Homo Erectus merupakan manusia purba yang cerdas. Terbukti mampu membuat alat batu
yang handal pada zamannya. Jenis alat batu yang dibuat antara lain kapak batu, yang berjenis
kapak perimbas, kapak penetak, dan kapak genggam. Jenis alat batu masif ini dibuat dengan
pemangkasan untuk mendapatkan bagian yang tajam. Alat-alat masif ini diperkiran dipergunakan
dalam pekerjaan berat perburuan, misalnya memecah tulang. Selain itu, juga terdapat alat serpih
yang berukuran jauh lebih kecil. Bentuknya pipih melebar dengan diameter 3-5 cm. Alat ini
dipakai dengan teknik penyerpihan sehingga mendapatkan bagian yang tajam pada semua sisi.
Alat-alat serpih diperkirakan dipakai untuk menguliti dan meyayat binatang buruan. Homo
Erectus juga menggunakan batu berbentuk bola yang diperkirakan sebagai senjata lontar.
Sejak 100.000 tahun yang lalu, Homo Erectus di Indonesia sudah punah termasuk yang
pernah hidup di Sangiran. Sampai sekarang kepunahan mereka tidak diketahui sebab-sebabnya
secara jelas. Meski demikian diduga terdapat beberapa sebab yang menjadi faktor kepunahan
tersebut, antara lain (1) Hujan Meteorit yang pernah terjadi di kawasan Nusantara, Australia
hingga ke Madagaskar pada hingga 300.000 tahun yang lalu. Kenyataan membuktikan, hujan
meteor yang seperti inilah yang telah melenyapkan dinosaurus pada sekitar 60 juta tahun yang
lalu. (2) Aktivitas Vulkanik. Aktivitas vulkanik ini pada 100.000 tahun lalu menyebabkan
kepunahan Homo Erectus. (3) Perubahan lingkungan yang drastis pada sekitar 100.000 tahun
yang lalu, dimana hutan terbuka dengan aliran banyak sungai berubah menjadi sabana dengan
udara yang sangat kering. Homo Erectus tidak mampu menyesuaikan diri, dengan lingkungan
yang berubah secara drastis hingga mereka punah. Dari ketiga faktor alam tersebut, maka
perubahan lingkungan itulah yang diduga sebagai penyebab punahnya Homo Erectus di Jawa
pada 100.000 tahun yang lalu.

Kenapa yang dijelaskan alam terlebih dahulu daripada kebudayaan?

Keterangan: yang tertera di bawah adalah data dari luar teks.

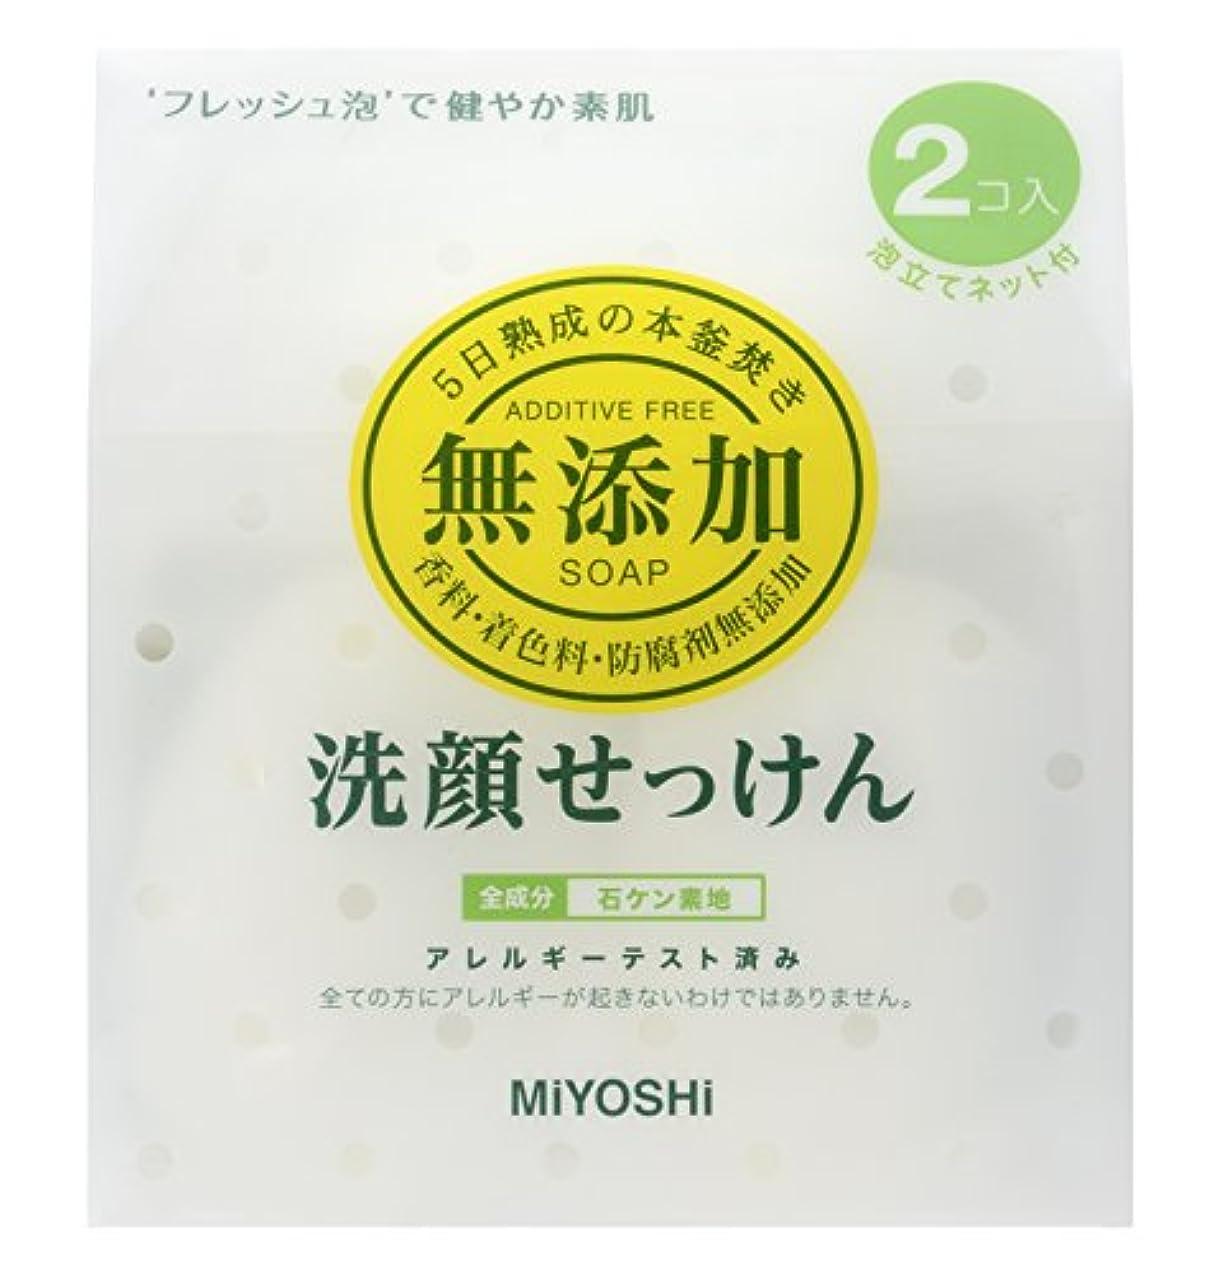 バクテリア小屋ハードウェア無添加 洗顔せっけん 固型  40g×2

Alam semesta diciptakan terlebih dahulu dari manusia. Sehingga, kejadian-kejadian yang ada di
alam semesta yang bersingungan dengan kehidupan manusia membuat manusia berpikir untuk
menyelesaikan masalah yang dihadapi, kemudian melakukan tindakan agar masalah tersebut
terselesaikan, dan menghasilkan suatu karya yang dapat digunakan untuk mengatasi masalah
yang serupa. Kegiatan berpikir, bertindak, dan berkarya itulah yang saat ini disebut sebagai
kebudayaan. Sehingga, hubungan alam dengan kebudayaan manusia tidak terpisahkan. Alam
dapat mempengaruhi kebudayaan, dan kebudayaan dapat dipengaruhi oleh alam.